On 29 September 1990, Japanese media reported that the Japanese Maritime Safety Agency was preparing to recognize (as an official navigation mark) a lighthouse that a right-wing Japanese group built on the main island of the disputed island group. The Taiwan government protested immediately following the reports. On 18 October, a PRC spokesperson for the Ministry of Foreign Affairs was asked about the lighthouse at a press conference and stated that it was "a violation of China's sovereignty" and that the Japanese government should "immediately take effective measures to stop the activities of the right-wing group and prevent similar incidents in the future". On 21 October, twenty-four activists from Taiwan attempted to place a torch on the island to assert ROC sovereignty and the Japanese Maritime Safety Agency prevented them from doing so. On 23 October, Japanese Prime Minister Toshiki Kaifu stated that Japan would take a "cautious attitude" and indicated it would not send military ships to the area. On 27 October, PRC Vice Foreign Minister Qi Huaiyuan met with the Japanese Ambassador, reiterated the PRC's position of sovereignty over the islands, and stating that the two countries should shelve the dispute and look for opportunities to jointly develop resources in the area. On 30 October, China and Japan stopped disputing the lighthouse issue.
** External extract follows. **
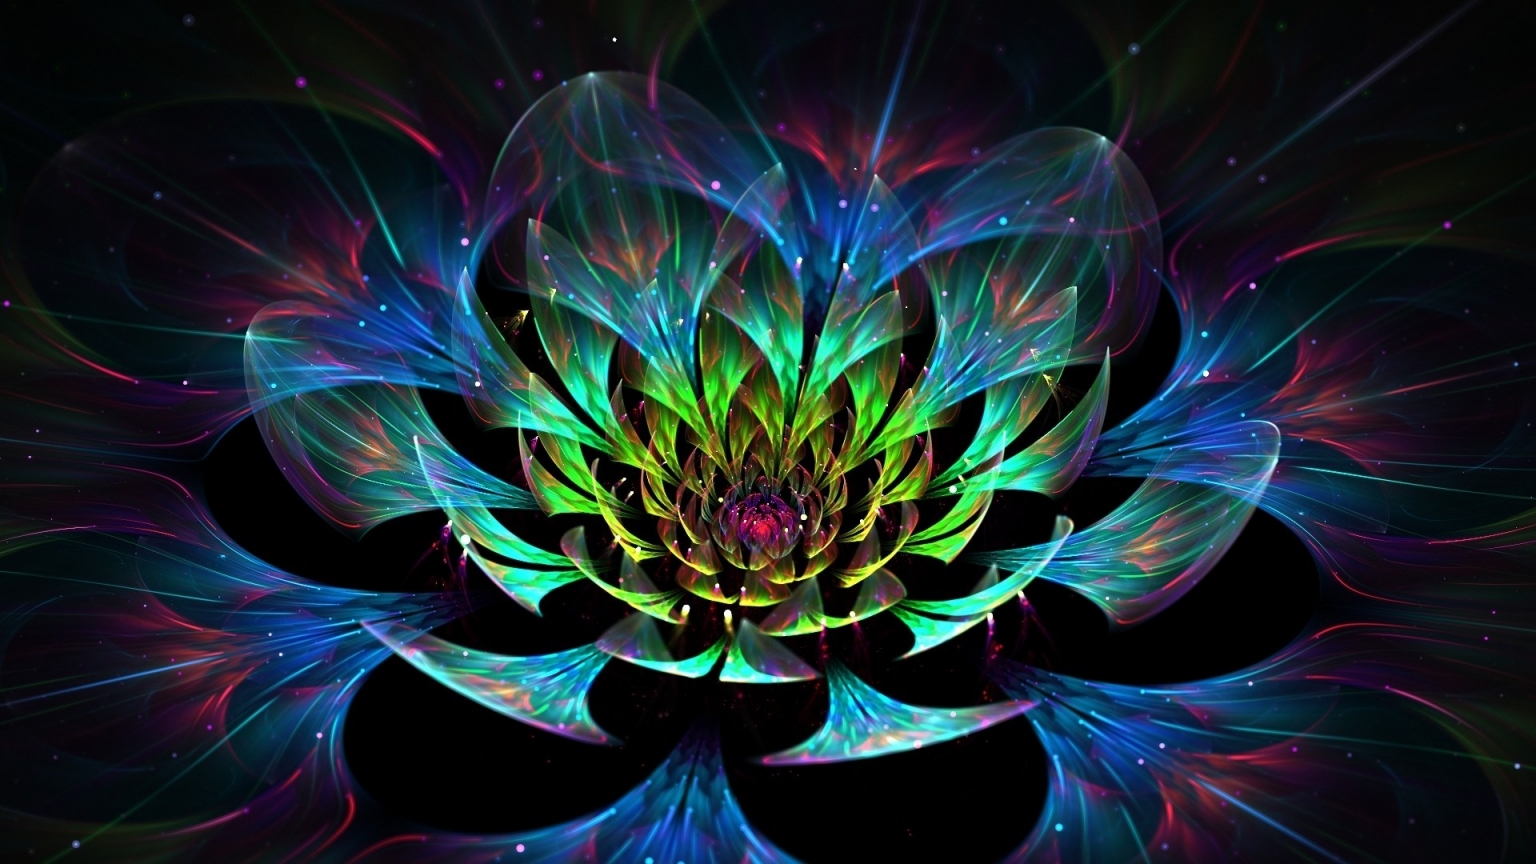 3D Lotus Flower for 1536 x 864 HDTV resolution

Tensions over the disputed islands again increased from June to October 1996. In June, Japan ratified UNCLOS and in July it began claiming a 200 nautical mile exclusive economic zone around the islands. Also in July, a right-wing Japanese organization built a makeshift lighthouse on one of the smaller islands and applied to the Japanese Maritime Safety Agency for the makeshift lighthouse to be accepted as an official navigational aid. Concerns on the Chinese side were further heightened following visits by Japanese Prime Minister Ryutaro Hashimoto, cabinet members, and more than eighty members of parliament to the Yasukuni Shrine, which honors Japan's war dead including its war criminals from World War II. On 18 August, another Japanese group placed a wooden Japanese flag on the main disputed island in the group. Ten days later, Japanese Foreign Minister Yukihiko Ikeda stated that the islands "have always been Japan's territory" and "there is no need to explain".

The organization which had built the makeshift lighthouse returned on 9 September to repair it. China protested to the Japanese government and stated that if the Japanese government continued to tolerate the group's actions, the bilateral relationship would be damaged. Tensions began decreasing after a 24 September Chinese Foreign Minister Qian Qichen and Japanese Foreign Minister Ikeda met and agreed that the Japanese group's actions were harmful and should be permitted. Tensions rose two days later, however, when the Japanese Maritime Safety Agency stopped Hong Kong-based activist David Chan Yuk-cheung's boat from landing on the islands, and he drowned while attempting to swim to shore. His death prompted major protests in Hong Kong and on Taiwan.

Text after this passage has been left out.